→ **SUPPLIED MATERIAL**:
——————————

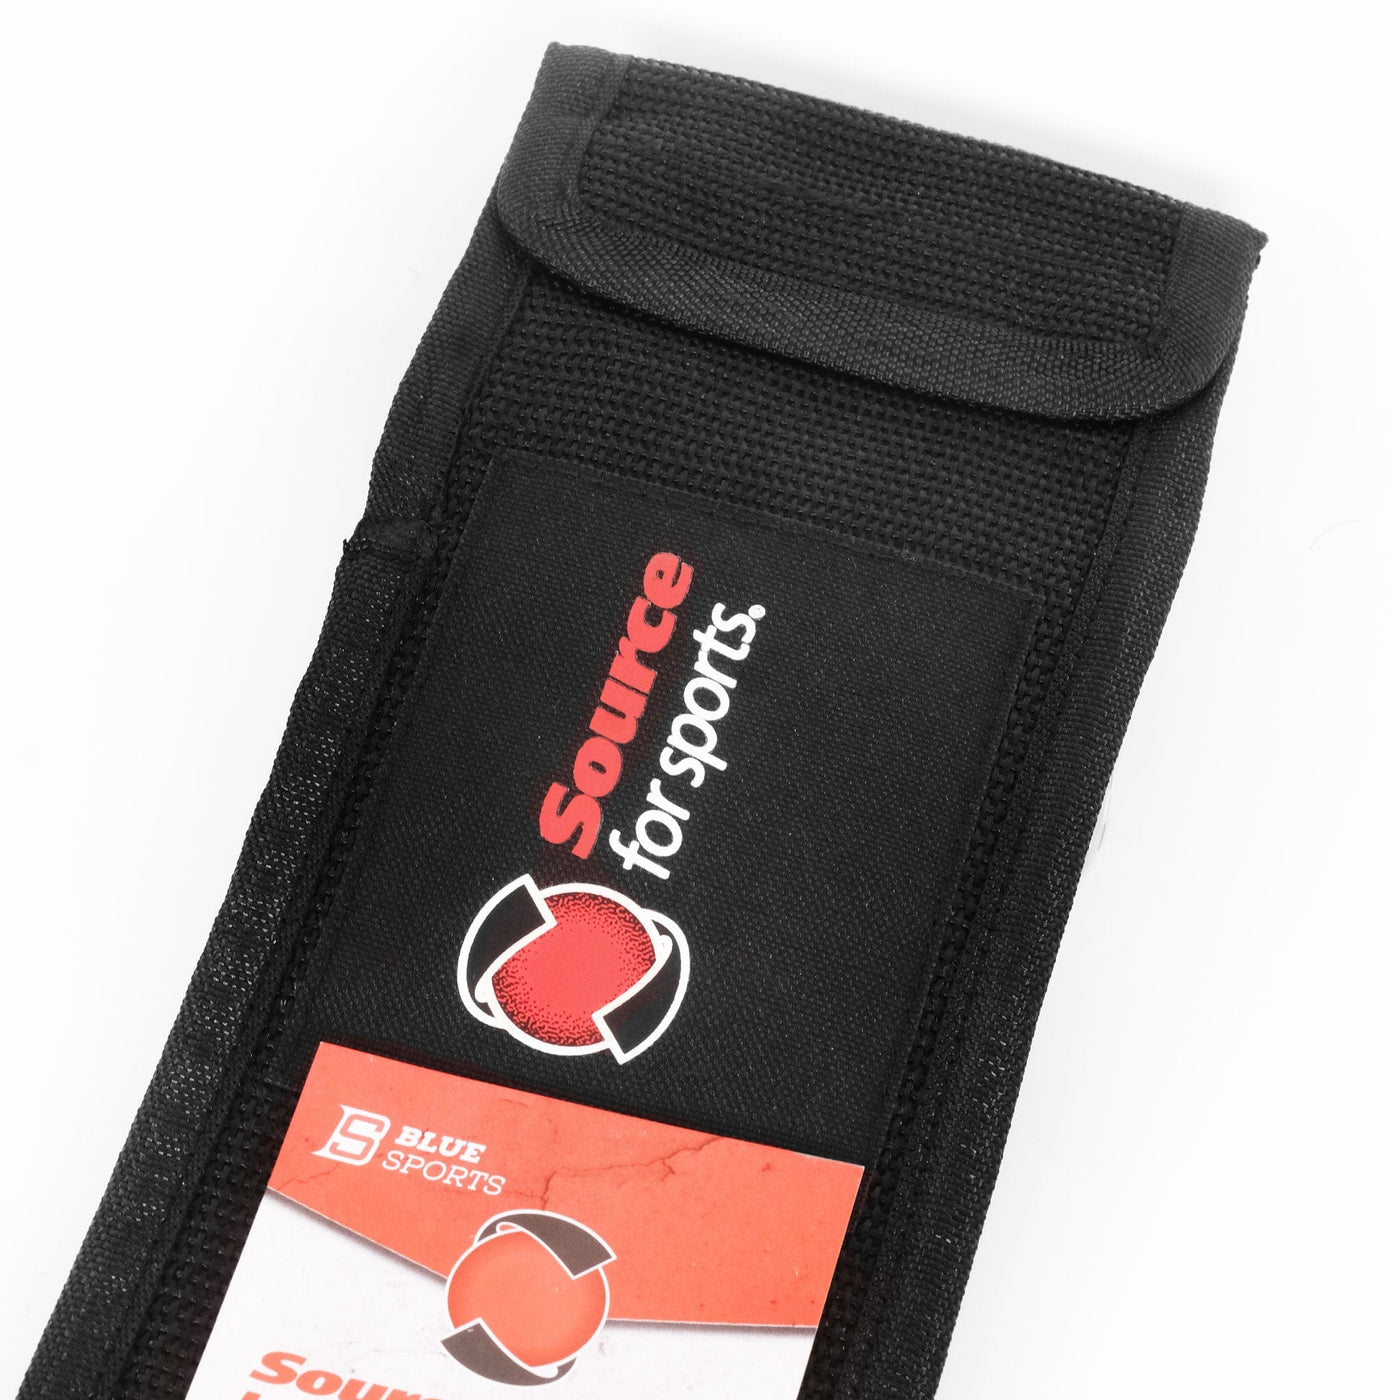 Blue Sports Skate Blade Pouch - The Hockey Shop Source For Sports
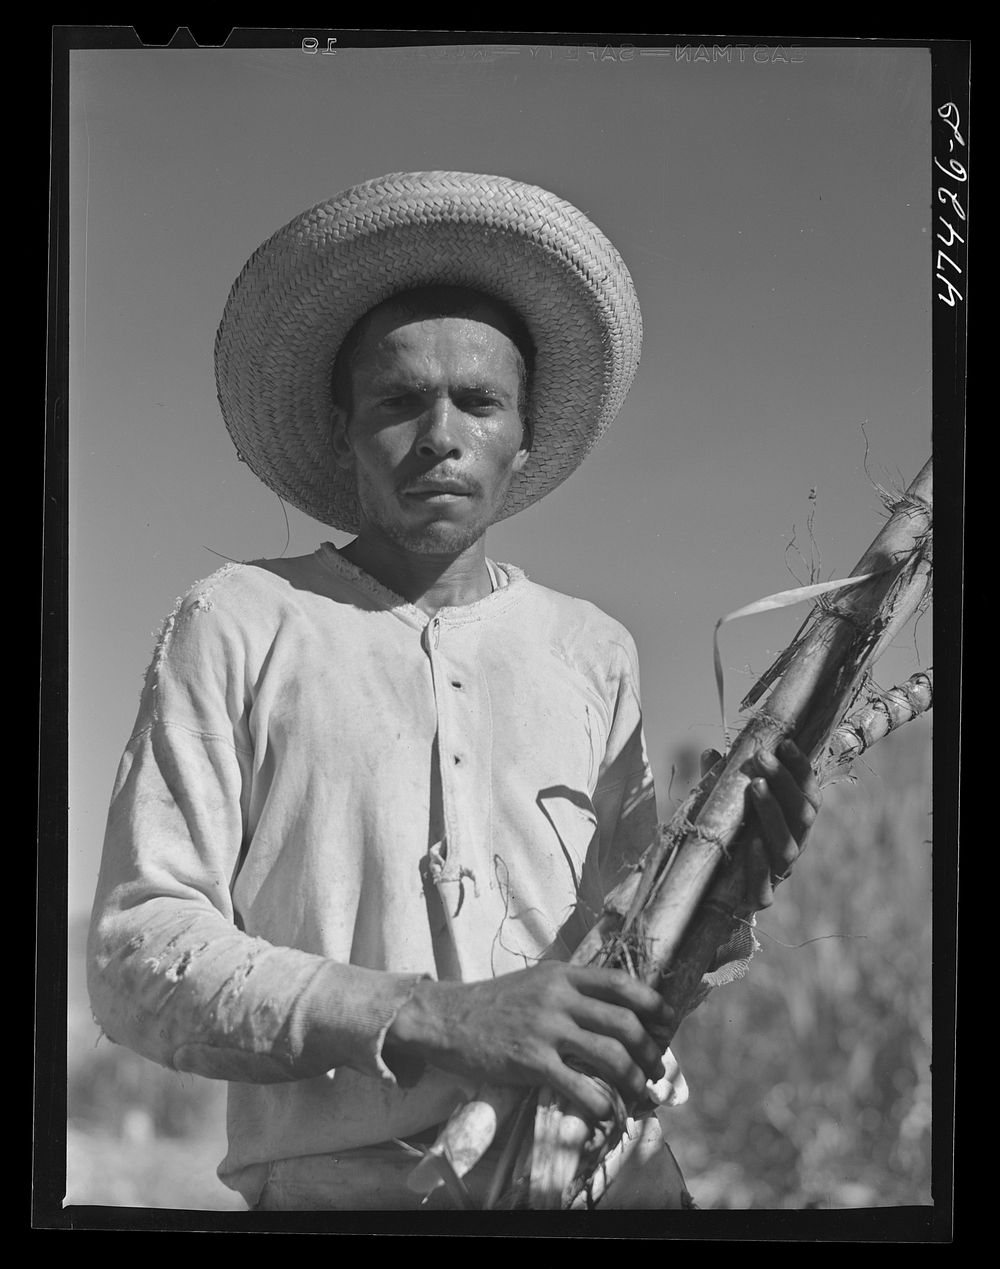 Guanica, Puerto Rico (vicinity). Farm laborer working in a sugar cane field. Sourced from the Library of Congress.
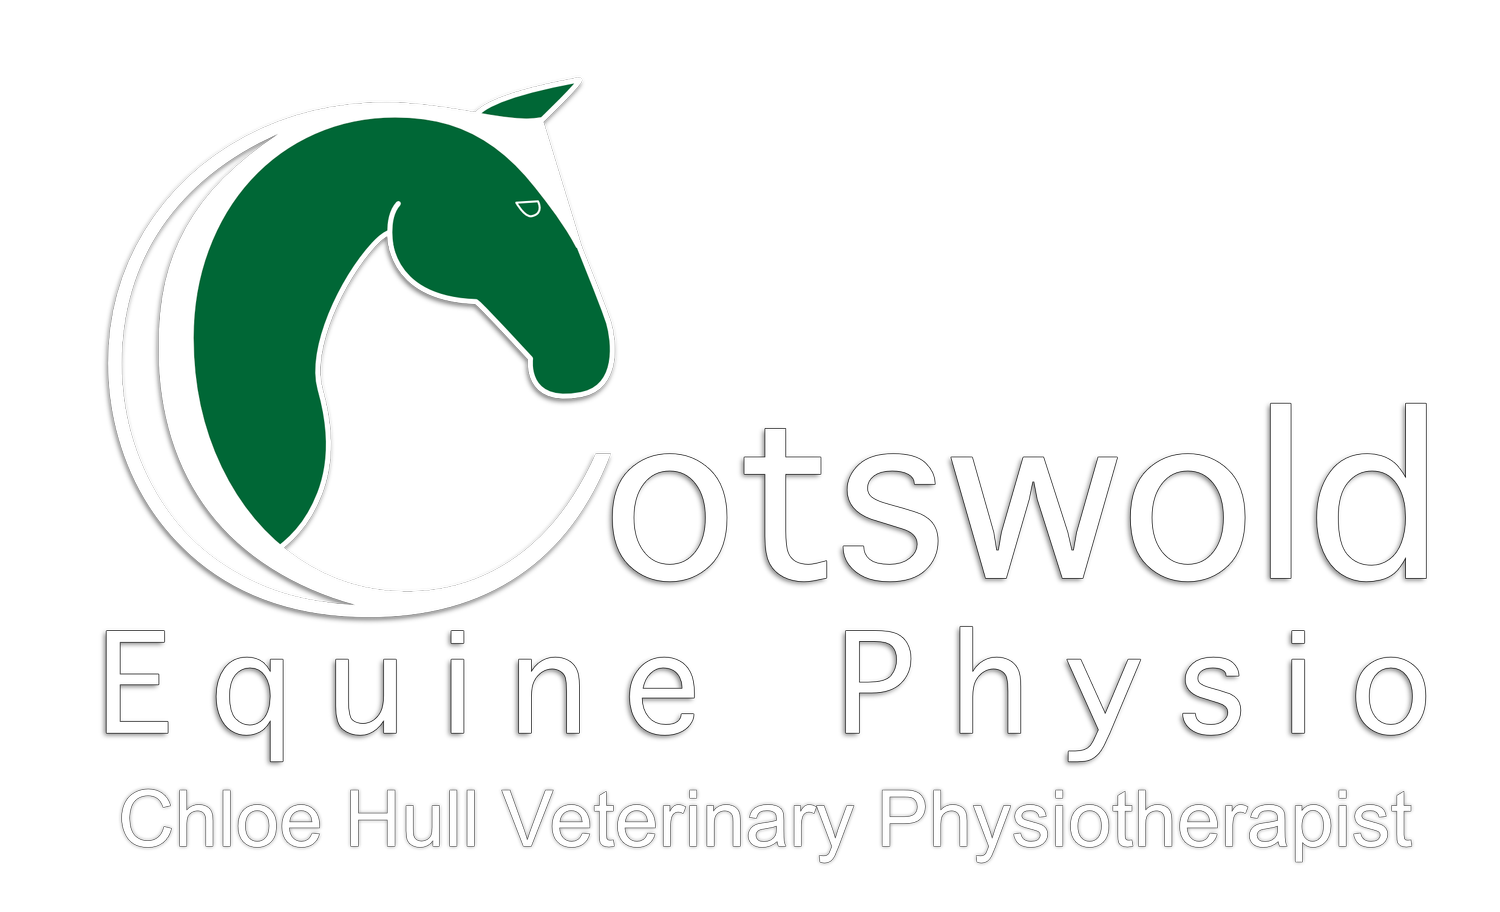 Cotswold Equine Physio

——————————

→ **ASSIGNMENT**: Give back the material above exactly as it appears, minus the pictures.

→ **TASK RESULT**:
 Blue Sports Skate Blade Pouch - The Hockey Shop Source For Sports
 Guanica, Puerto Rico (vicinity). Farm laborer working in a sugar cane field. Sourced from the Library of Congress.
 Cotswold Equine Physio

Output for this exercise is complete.